Inmiddels is het urinoir uitgeroepen tot het invloedrijkste kunstwerk van de twintigste eeuw, maar in 1917 wordt Fountain nog geweerd door de Vereniging van Onafhankelijke Artiesten. Zij willen het stuk (dat is ingediend onder een pseudoniem) niet hebben op hun eerste jaarlijkse tentoonstelling, ook al is er beloofd dat iedereen die de toelatingsprijs betaalt mag deelnemen. De kranten smullen ervan, de vereniging minder. Ongewenst als het is verdwijnt het urinoir stilletjes na de tentoonstelling. Maar in 1935 begint Duchamp kleine replica’s te maken, en in 1950 reproduceert hij Fountain in zijn oorspronkelijke grootte voor een tentoonstelling in New York. Hij maakt nog meer van die replica’s: de pispotten belanden wereldwijd in belangrijke musea. Ideeën over wat kunst precies is, zijn volledig op hun kop gezet. Een revolutie is ontketend. Up yours, kunstwereld!
De barones van de toekomst is dan allang dood. In haar eentje gestorven in een flat in Parijs, in 1927. Ze had het gas aan laten staan.
Maar in 1917 leeft ze nog, en voor Alreadymade-regisseur Barbara Visser is het kraakhelder wat de barones toen heeft uitgespookt: niet Duchamp, maar Von Freytag-Loringhoven stuurde een gesigneerde pispot naar de Onafhankelijke Artiesten. Visser laat in de docu verschillende kunsthistorici aan het woord die alle beschikbare informatie bespreken die hierop wijst.
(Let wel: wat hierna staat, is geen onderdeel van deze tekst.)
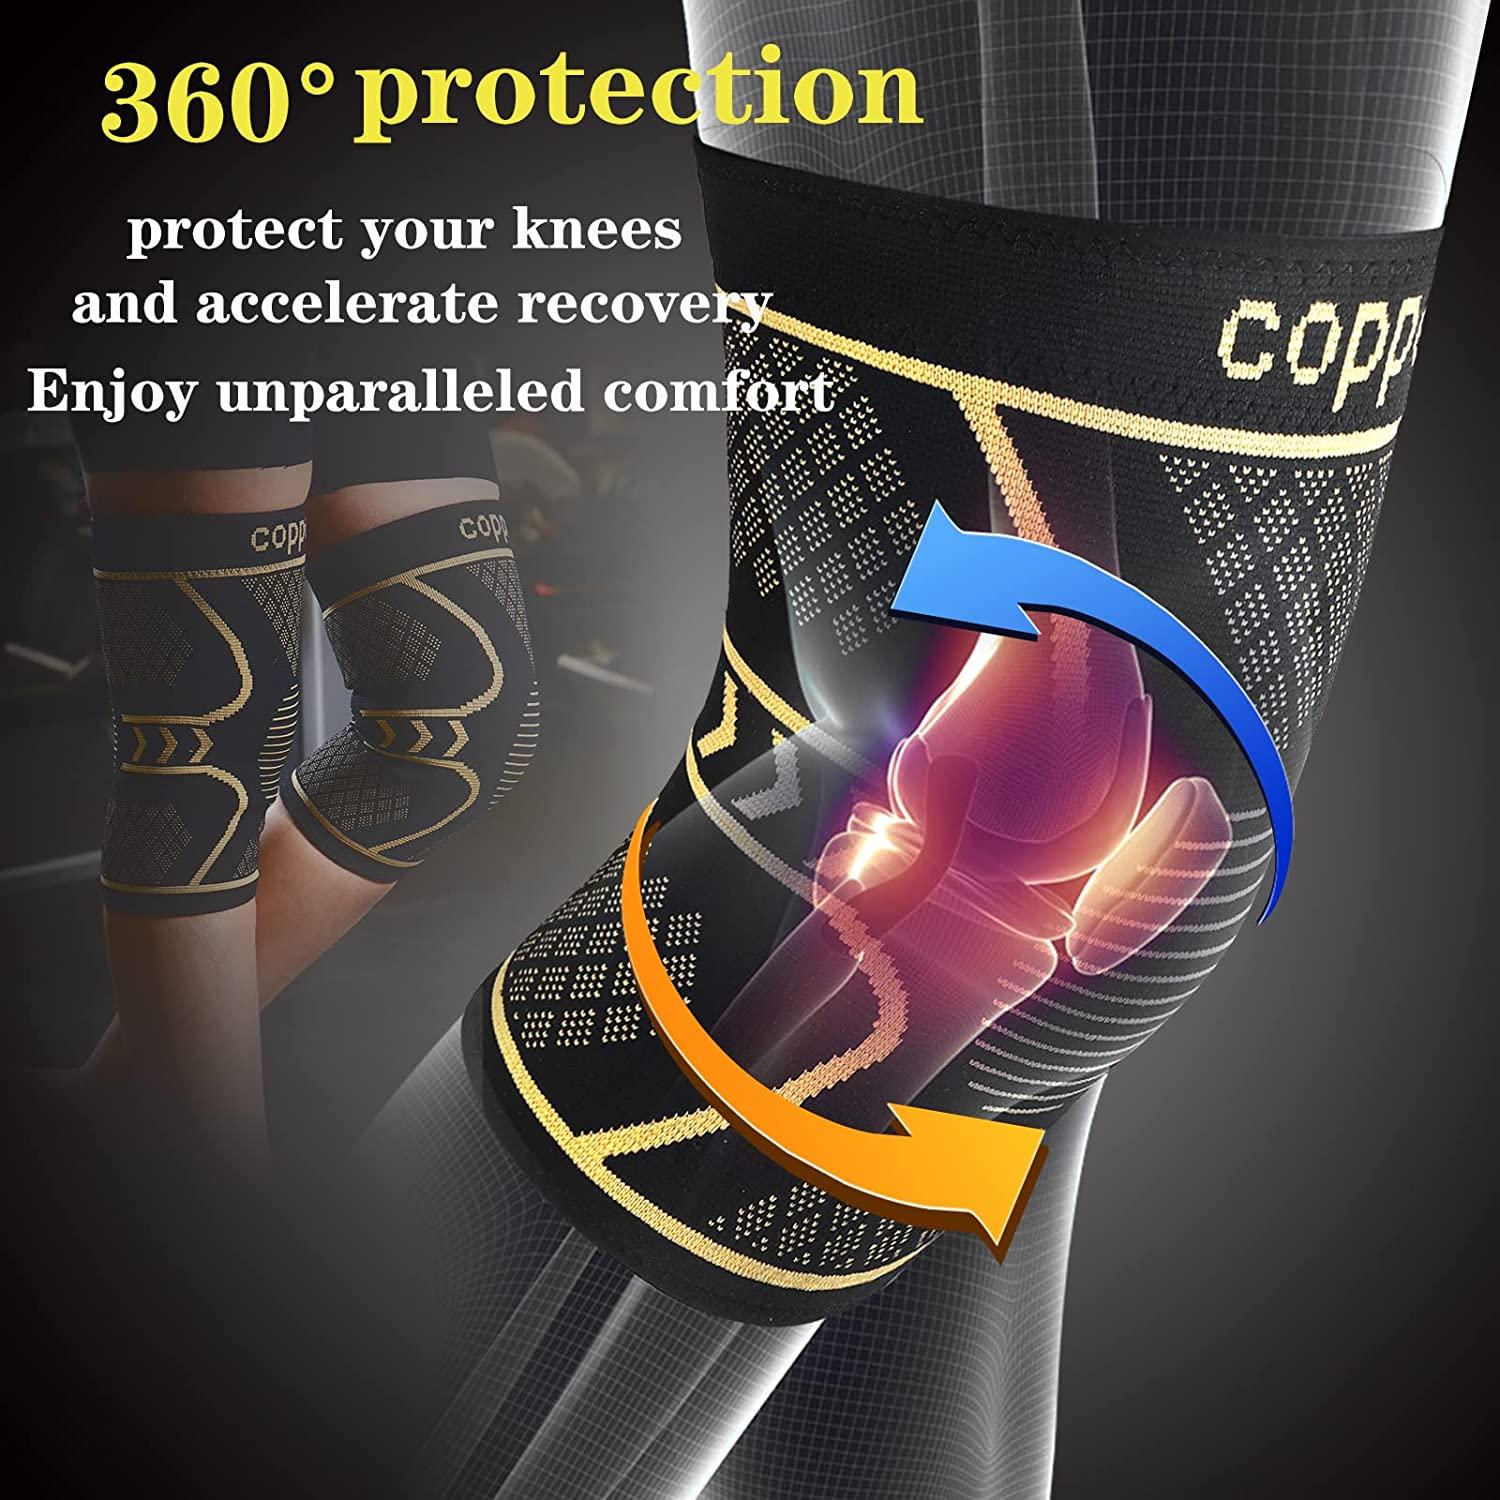 2PK Copper Knee Brace for Arthritis Pain Support-Copper knee
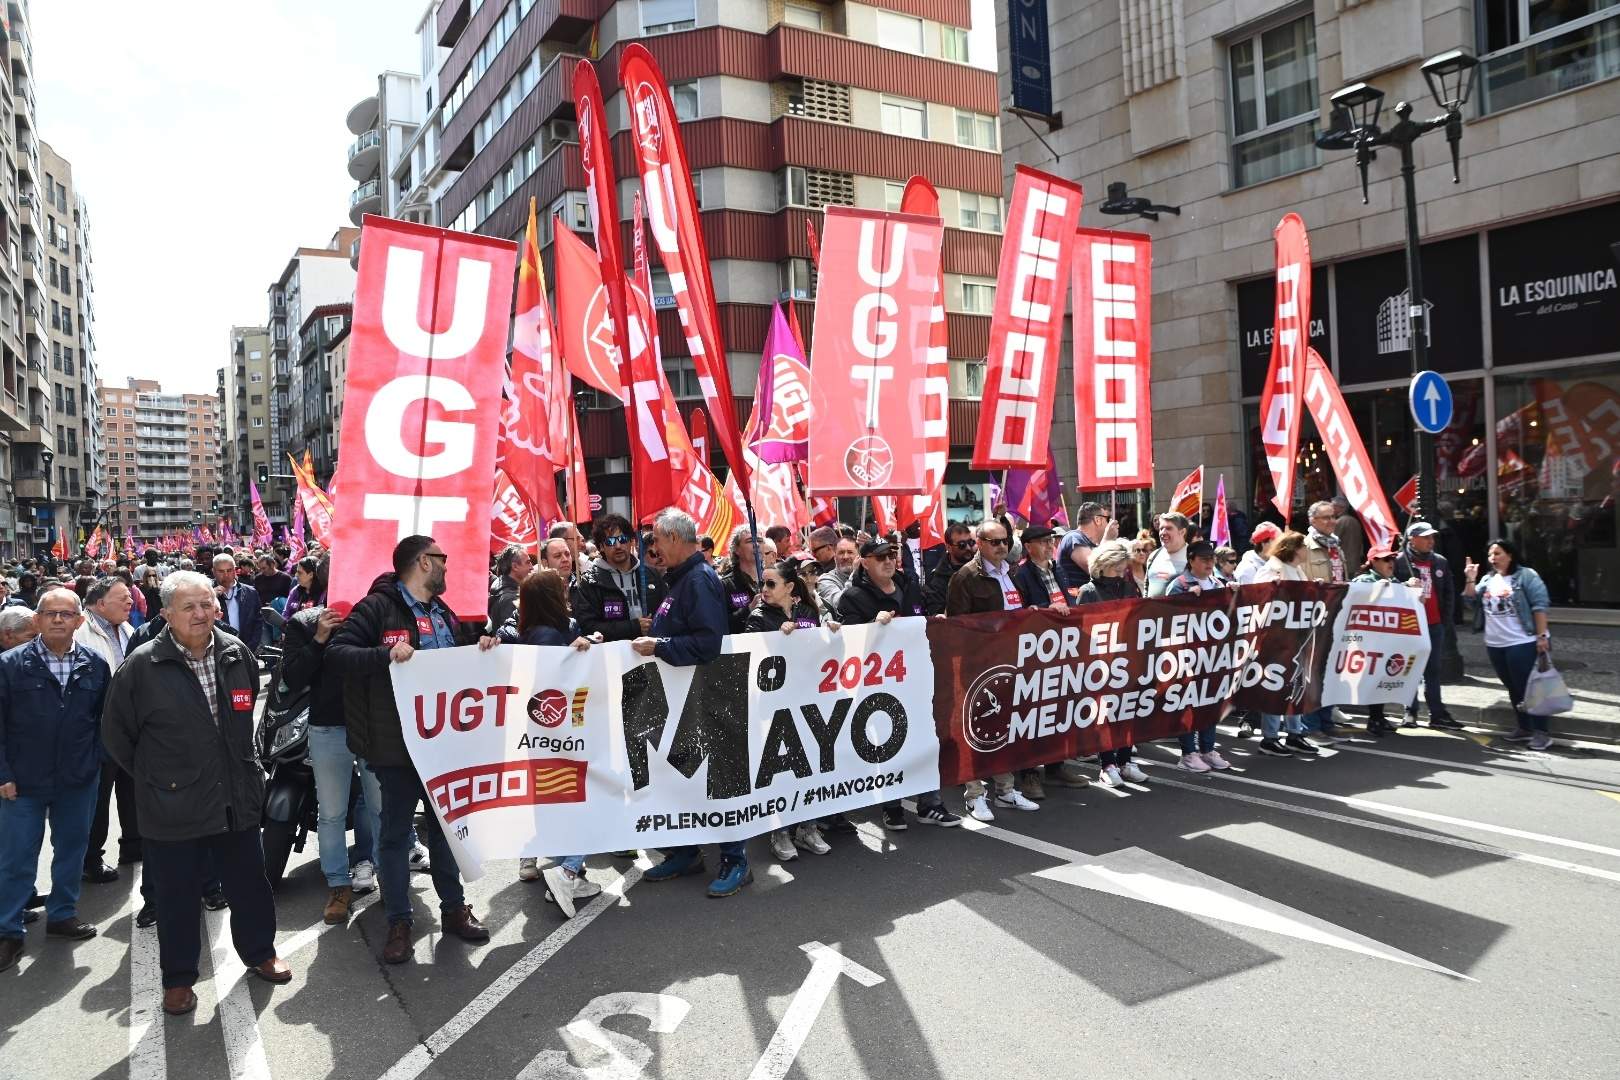 Subida salarial y menos jornada, principales reclamaciones en la manifestación de Zaragoza

Dat doet ze niet netjes door ze als talking heads hun zegje te laten doen: liever plaatst ze ze in een VR-chatroom, waar ze zich laten vertegenwoordigen door avatars en met AI-stemmen het vermeende bewijsmateriaal doornemen. Terwijl een banaan met een zonnebril citeert uit een brief waarin Duchamp schrijft dat een vriendin van hem achter de readymade zit, loopt soms zomaar SpongeBob SquarePants door het beeld.
Rommelige stijlkeuzes
Zo kiest Visser zelden de gebaande paden. Met haar vaak grappige, vreemde en soms doelbewust rommelige stijlkeuzes weet ze een toon aan te slaan die perfect past bij de recalcitrante inborst van de dadabeweging, die er ooit op uit was alle kunstconventies het raam uit te smijten.
Barones Elsa von Freytag-Loringhoven blonk daarin uit, maar brak niet door. Ze was anders, wild (ze knokte meer dan eens met een politieagent) en ook nog eens vrouw: die combinatie leverde haar lange tijd geen grote plek in de kunstgeschiedenis op. Er is überhaupt weinig archiefmateriaal van haar te vinden. Maar met de beetjes die er zijn en een boel creativiteit doet Visser haar uiterste best om de dadabarones weer tot leven te wekken, wederom in de digitale wereld. Daarin laat ze het met gevonden voorwerpen gevulde huis van de kunstenares namaken, evenals de kunstenares zelf. Voor het eerst in bijna honderd jaar danst de dadabarones door haar eigen kunstpaleis.